Cheers for all the other comments - hopefully see you on the next one.


----------



## MadOnVaux! (Jun 2, 2008)

Amazing finished work Charlie, top notch as ever


----------



## Napalm100 (Feb 3, 2011)

Amazing work as always okcharlie.

Out of interest where do you normally pick your cars up from? Car auctions, garage trade-ins or just general classified ads?

Cheers


----------



## okcharlie (Jun 29, 2010)

Napalm100 said:


> Amazing work as always okcharlie.
> 
> Out of interest where do you normally pick your cars up from? Car auctions, garage trade-ins or just general classified ads?
> 
> Cheers


Hi thanks for the comment.
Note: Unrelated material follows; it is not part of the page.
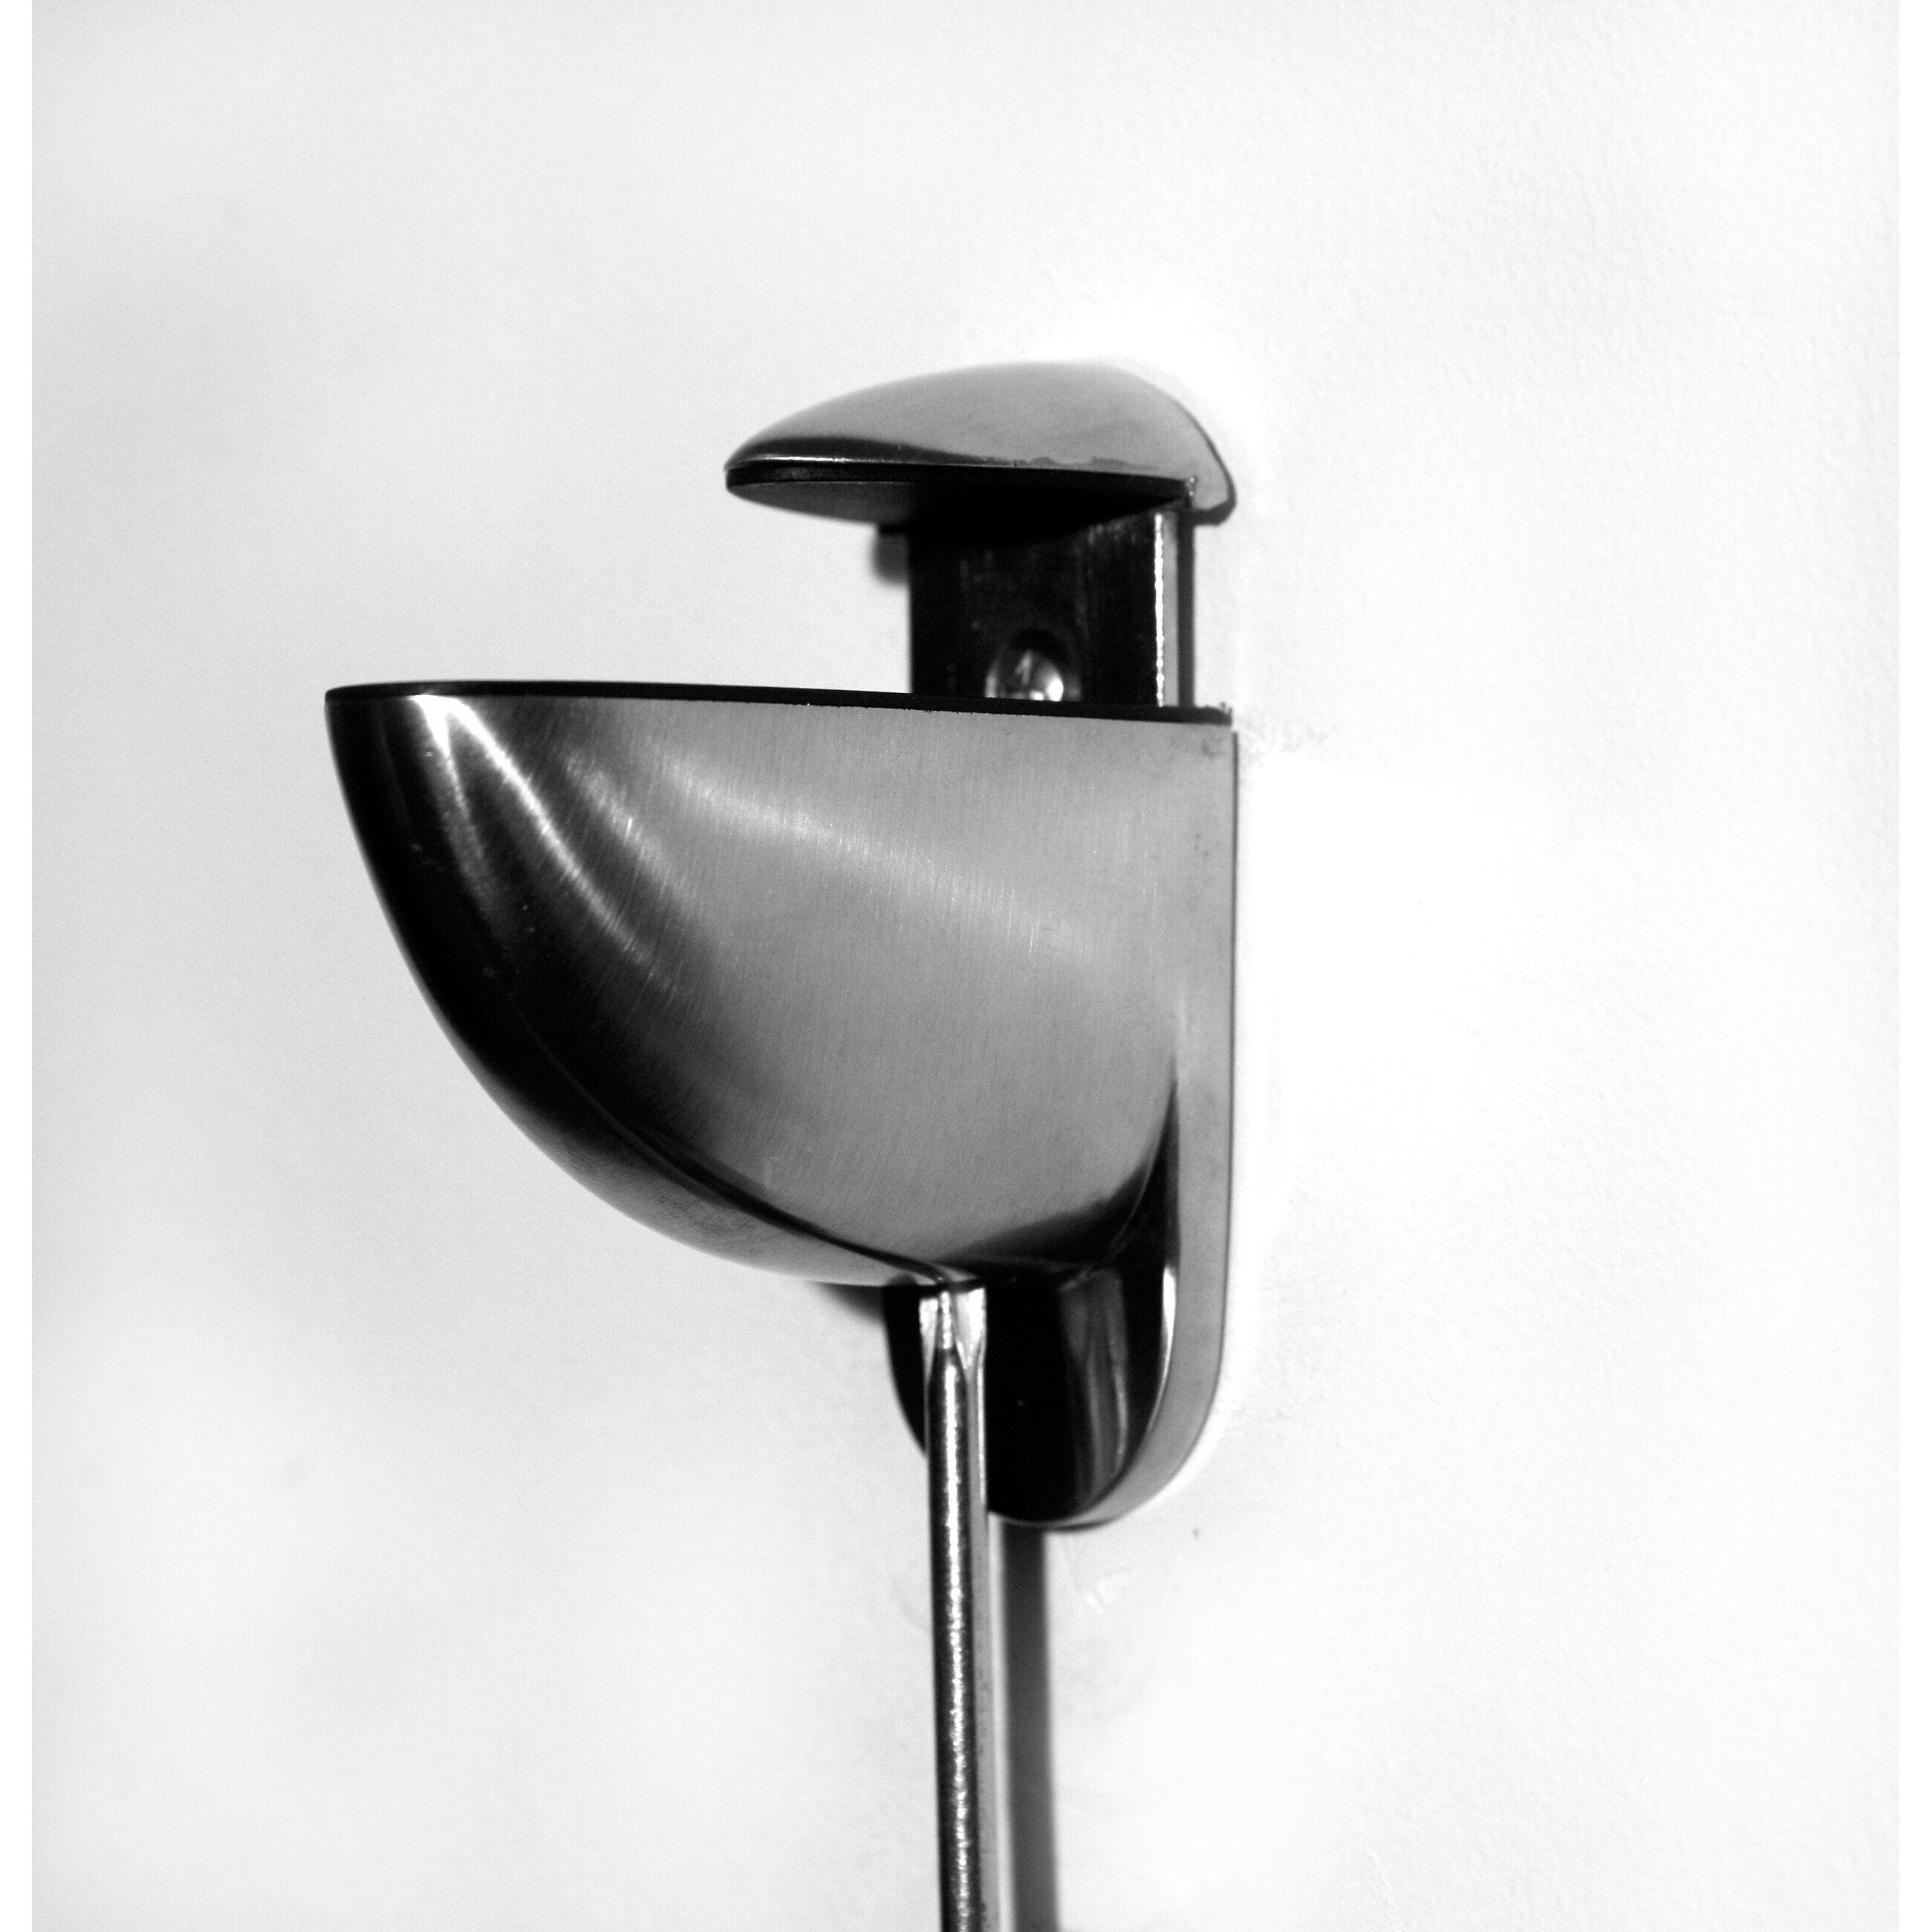 spancraft glass floating glass bathroom shelf reviews. Black Bedroom Furniture Sets. Home Design Ideas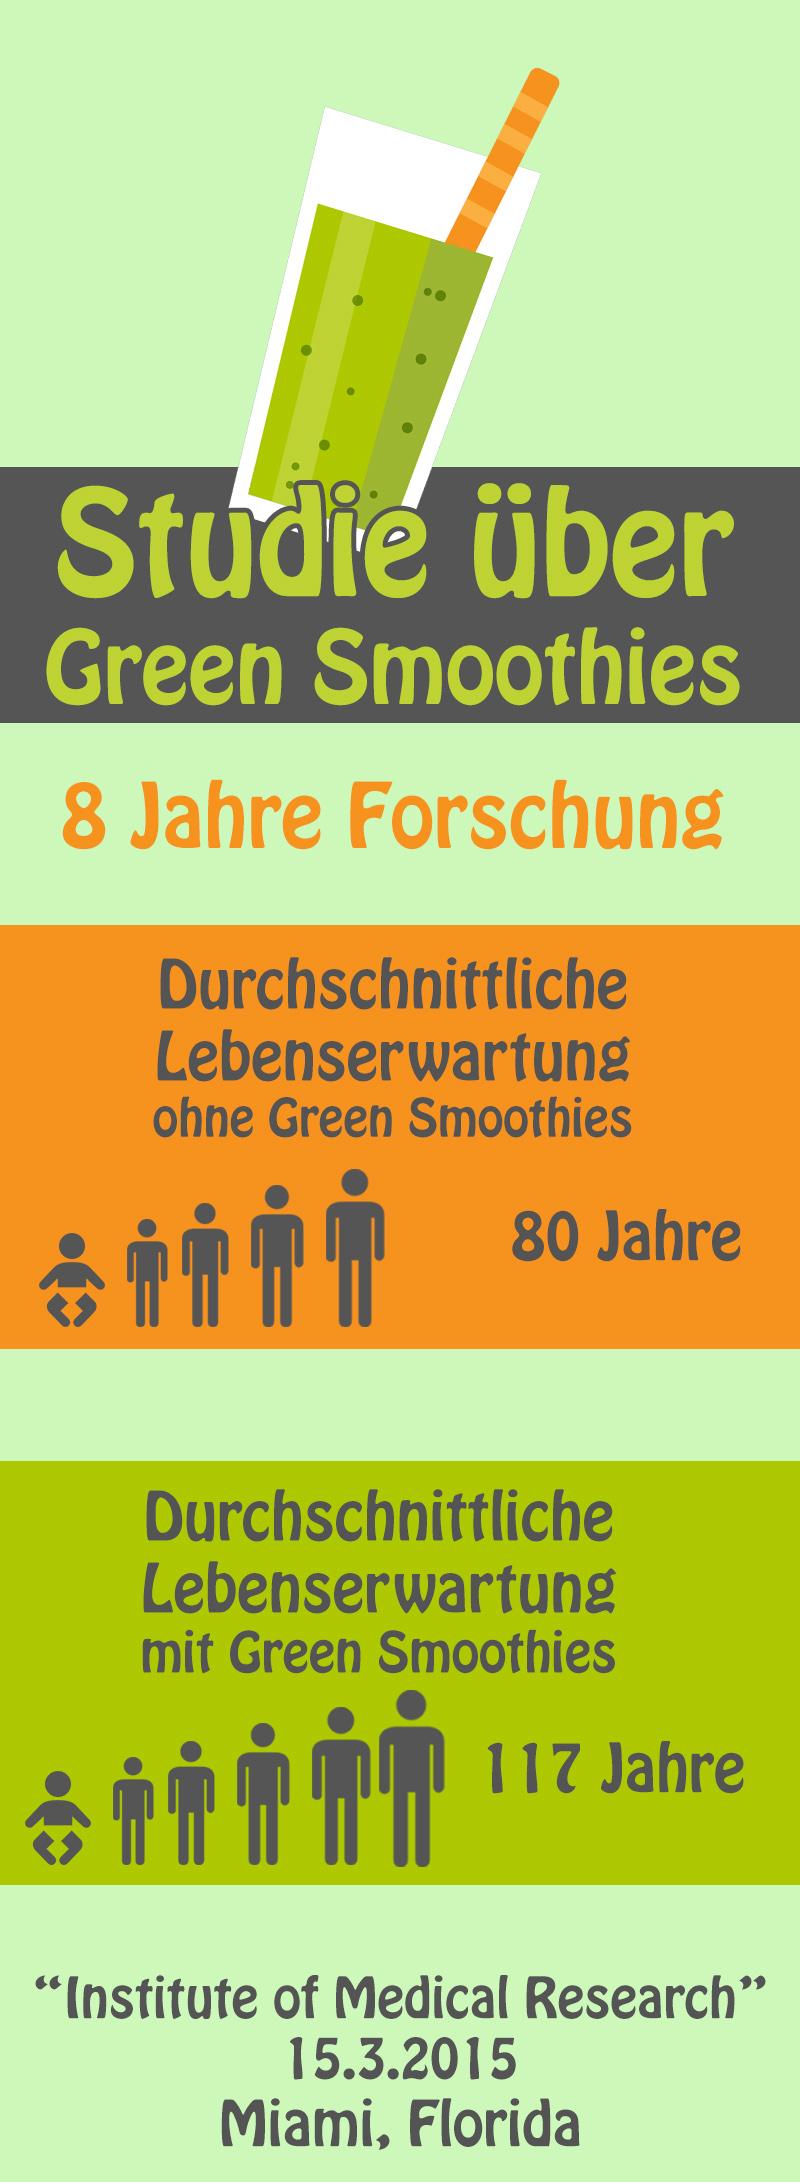 Info-Quelle: http://www.gruene-smoothies.info

Never bother with Car Auctions to be honest unless the vehicle is fairly new. Most I get are Part Exchanges from a network of people I have built up over the last 25 years or a Part Exchange I have taken.


----------



## Soul boy 68 (Sep 8, 2013)

That's really a fantastic job on that Toyota, really enjoyed looking and reading. How many days or hours did it take you to complete?


----------



## okcharlie (Jun 29, 2010)

Soul boy 68 said:


> That's really a fantastic job on that Toyota, really enjoyed looking and reading. How many days or hours did it take you to complete?


hi - thanks for that. Unfortunately It's really hard to say as I don't ever really get a full day on a car due to other things or family commitments so I tend to grab a few hours here and there when available. Probably a good couple of days but I never rush anyway.


----------